# Their love was not meant to be...



## poodlecrazy#1 (Jul 2, 2013)

OMG! That is adorable! To bad they couldn't have played.


----------



## BorderKelpie (Dec 3, 2011)

Is this going to develop into one of those bittersweet love stories? 


OMG! She is soooooooo cute! (I think he agrees) lol


----------



## N2Mischief (Dec 3, 2012)

So cute!!! Can't help but smile!!!!!


----------



## Tiny Poodles (Jun 20, 2013)

Isn't it funny how the breed seems to recognize each other no matter what the size? I don't know about Timi, but I am so in love with this boy! He is ten months old, and the dad said only fifty pounds, but he looks huge to me - like maybe 30 inch? The average is like 25, right? He looks way taller than the average Spoo that I meet, but a total gentle giant


----------



## PoodlenPrada (Aug 13, 2014)

It's the poodly version of Romeo and Juliet lol. 
I know this is off topic and I apologize, but TP I'm wondering what is the clip you have Timi in looks adorable. I'm looking for a more grown up looking clip for Phoenix, he's still really young but I'm kind of over that big fluffy puppy thing already. Thank you.


----------



## Tiny Poodles (Jun 20, 2013)

PoodlenPrada said:


> It's the poodly version of Romeo and Juliet lol.
> 
> I know this is off topic and I apologize, but TP I'm wondering what is the clip you have Timi in looks adorable. I'm looking for a more grown up looking clip for Phoenix, he's still really young but I'm kind of over that big fluffy puppy thing already. Thank you.
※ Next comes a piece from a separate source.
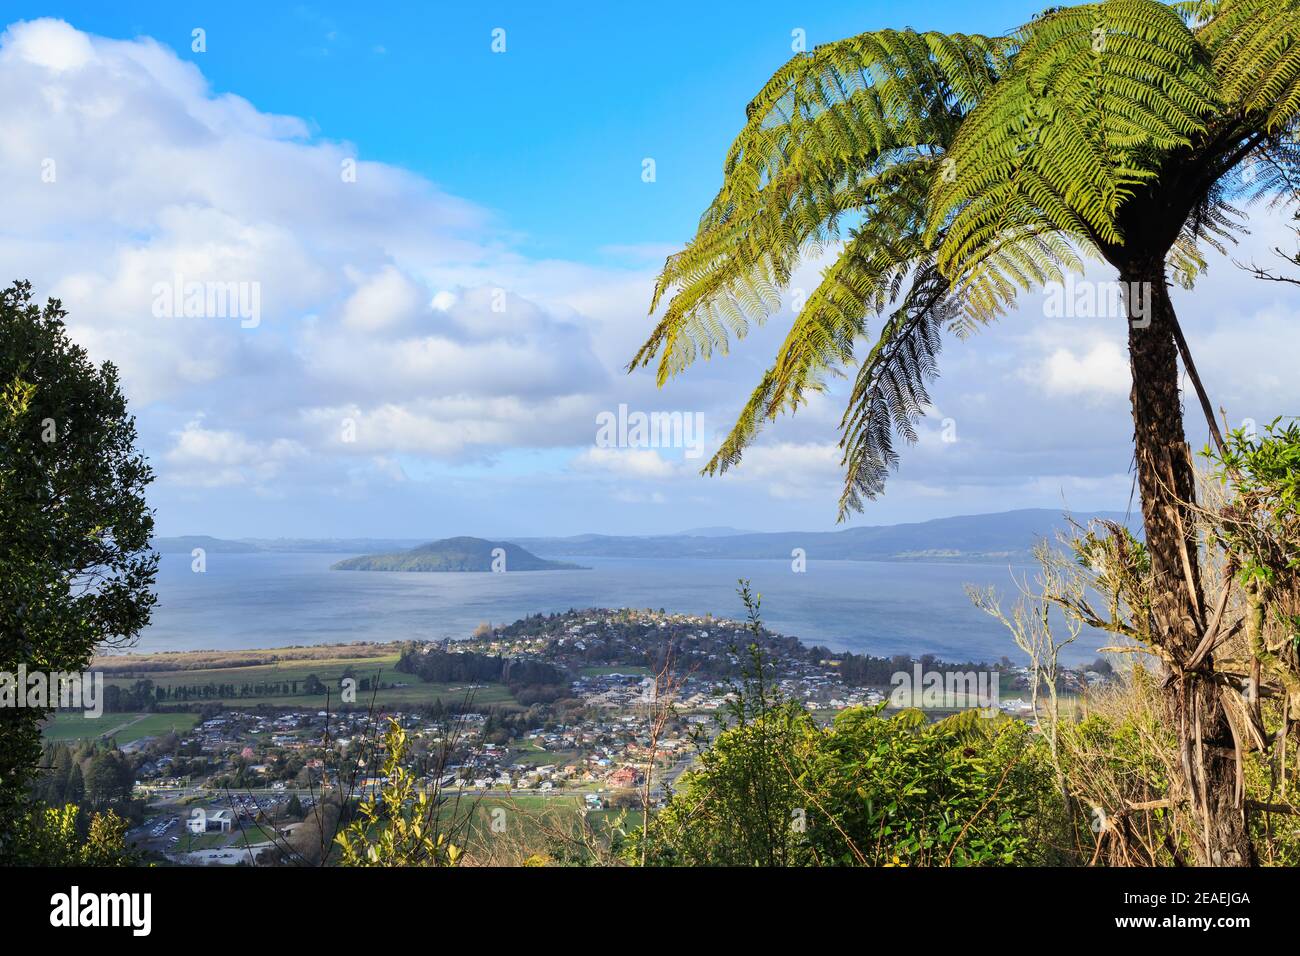 View of Rotorua, New Zealand, from Mount Ngongotaha. In the foreground are the suburbs of Fairy Springs and Kawaha Point, with Lake Rotorua behind Stock Photo

No need to apologize, it happens all the time around here.
I groom her myself, entirely self-taught, so it is not quite correct, but it is supposed to be a continental without the hip rosettes. A show dog always has the rosettes, but personally I like to see more of her beautifully muscled rear when she is clipped down (she is not clipped to the skin yet because it is still a bit chilly here). Technically they are not supposed to be in a continental until they are a year old, but Timi has been in it since she was 4 months old and a mishap brought her to the ER, and they shaved three of her legs and one hip. My breeder was horrified seeing a puppy so young in the clip, but everyone else thought it was adorable, and she had never has had anyone ask what breed she is since then lol!


----------



## ericwd9 (Jun 13, 2014)

Does she have a box to stand on???:alien2:


----------



## PoodlenPrada (Aug 13, 2014)

Tiny Poodles said:


> No need to apologize, it happens all the time around here.
> I groom her myself, entirely self-taught, so it is not quite correct, but it is supposed to be a continental without the hip rosettes. A show dog always has the rosettes, but personally I like to see more of her beautifully muscled rear when she is clipped down (she is not clipped to the skin yet because it is still a bit chilly here). Technically they are not supposed to be in a continental until they are a year old, but Timi has been in it since she was 4 months old and a mishap brought her to the ER, and they shaved three of her legs and one hip. My breeder was horrified seeing a puppy so young in the clip, but everyone else thought it was adorable, and she had never has had anyone ask what breed she is since then lol!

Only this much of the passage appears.